Flights canceled as storm threatens much of US

By Paul J. Weber | Associated Press

AUSTIN, Texas — Airlines canceled hundreds of flights on Tuesday, governors urged residents to stay off the road and schools closed campuses as much of the U.S. braced for a major winter storm that would leave millions of Americans in the loop of heavy snow and freezing rain.

The impending blast of frigid weather, expected to begin arriving Tuesday evening, brought a long swath of states from New Mexico to Vermont under winter storm warnings and hold. More than a foot of snow was possible in Michigan, following in the footsteps of a vicious northeast last weekend that brought blizzards to many parts of the East Coast.

“It will be a very messy system and make travel very difficult,” said Marty Rausch, a meteorologist with the National Weather Service in College Park, Maryland.

The storm’s projected footprint extended into southern Texas, where nearly a year after a catastrophic frost collapsed the state’s power grid in one of the worst blackouts in US history, Governor Greg Abbott defended the readiness of the state. The forecast doesn’t call for the same prolonged and frigid temperatures as the February 2021 storm, and the National Weather Service said the approaching system wouldn’t be so bad for Texas overall this time around.

“No one can guarantee there won’t be” outages caused by grid demand, Abbott said Tuesday. “But what we’re going to work on, and what we’re willing to achieve, is to keep power throughout the state.”

In November, Abbott had even given a winter guarantee: “I can guarantee the lights will stay on,” he told Austin television station KTBC.

Abbott, whose handling of last year’s blackout is a line of attack for Democrats as the Republican seeks a third term in 2022, said thousands of miles of roads in Texas will become “extremely dangerous” in the coming days. Energy experts said the forecast this week, although below freezing, shouldn’t pose a challenge to Texas’s power grid.

“The question has always been if we get a repeat of last year, would the power stay on? And this is far from a repeat of last year,” said Doug Lewin, an Austin energy consultant who has criticized Texas’ response to the power outages as inadequate.

Airlines have canceled more than 1,000 flights in the US scheduled for Wednesday, flight-tracking service FlightAware.com showed, including more than half of the sign in St.
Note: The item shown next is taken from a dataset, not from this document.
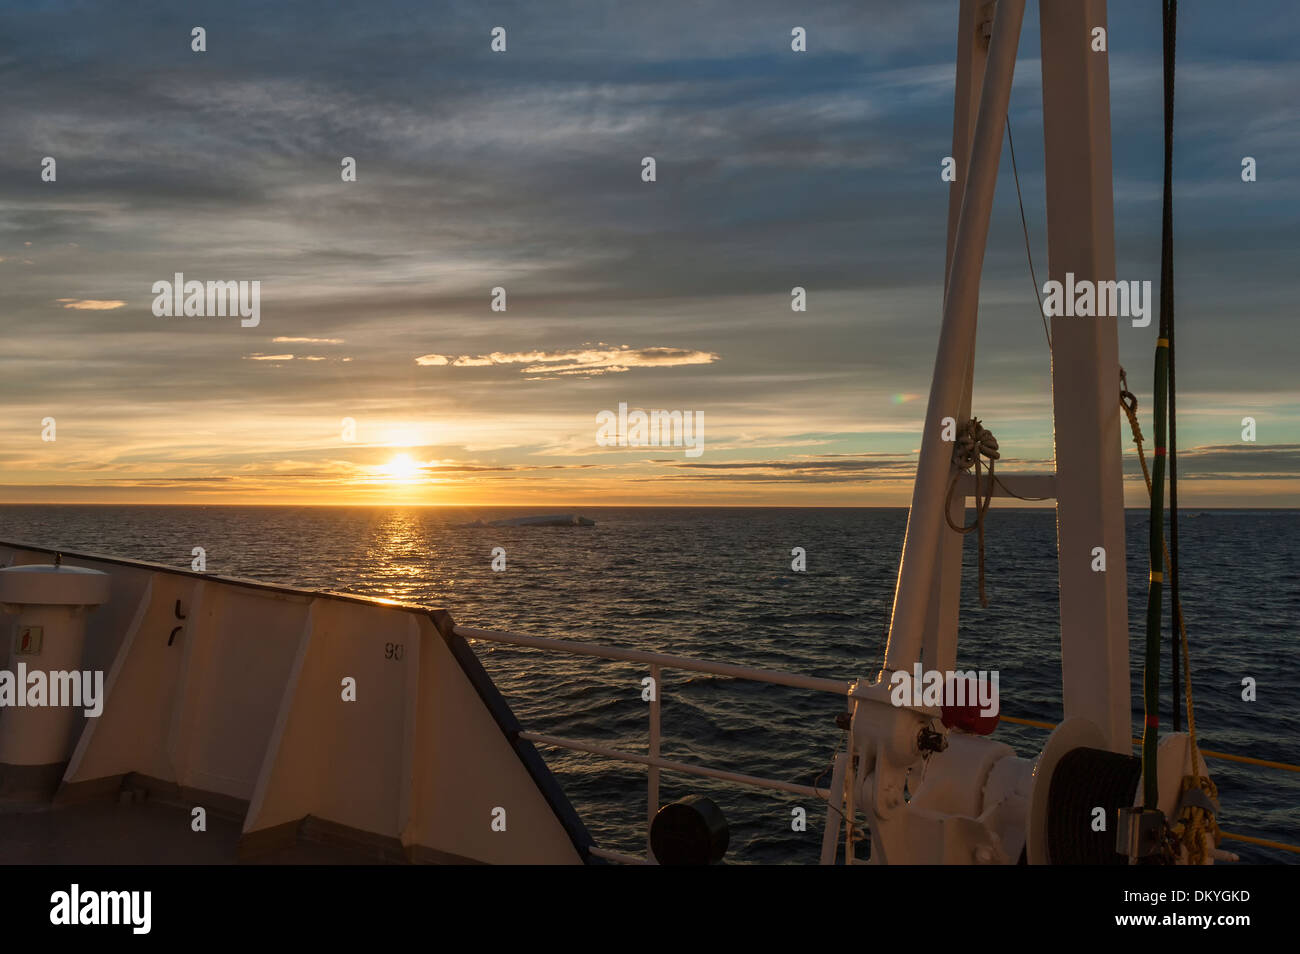 Bateau naviguant sur le soir, la lumière de la mer de Chukchi, Extrême-Orient russe Banque D'Images

Louis. Missouri Governor Mike Parson declared a state of emergency as school districts and universities moved classes to online or canceled them entirely.

Chicago O’Hare International Airport also canceled more than 100 departures, and airports in Kansas City and Detroit also canceled more flights than usual.

Illinois lawmakers have canceled their three scheduled hearings this week as the central part of the state prepares for heavy snow, ice and high winds in the region.

The National Weather Service said 6 to 12 inches of snow was expected in parts of the Rockies and the Midwest Thursday morning, while heavy ice is likely to come from Texas through the Ohio Valley.

On Wednesday and Thursday, the weather service said 8 to 14 inches (20 to 36 centimeters) of snow was possible in parts of Michigan. So is Detroit, where the mayor activated snow emergency routes and city workers were expected to work 12-hour shifts salting and plowing major roads.

In Tulsa, Oklahoma, where up to 18 inches of snow and sleet are forecast but little ice, emergency management director Joe Kralicek said the event is not expected to cause large-scale blackouts based on an ice index used by the National Weather Service.

“We might see some power outages, but it also suggests they are limited in size and nature and very short-lived,” Kralicek said.

Becky Gligo, director of the nonprofit Housing Solutions in Tulsa, said teams are working to move homeless people to shelters ahead of the lowest levels expected to plunge into single digits Friday night.

Associated Press journalists Julie Walker in New York, Jill Bleed in Little Rock, Arkansas, Ken Miller in Oklahoma City, John O’Connor in Springfield, Illinois, and Jeff Martin in Woodstock, Georgia, contributed to this report.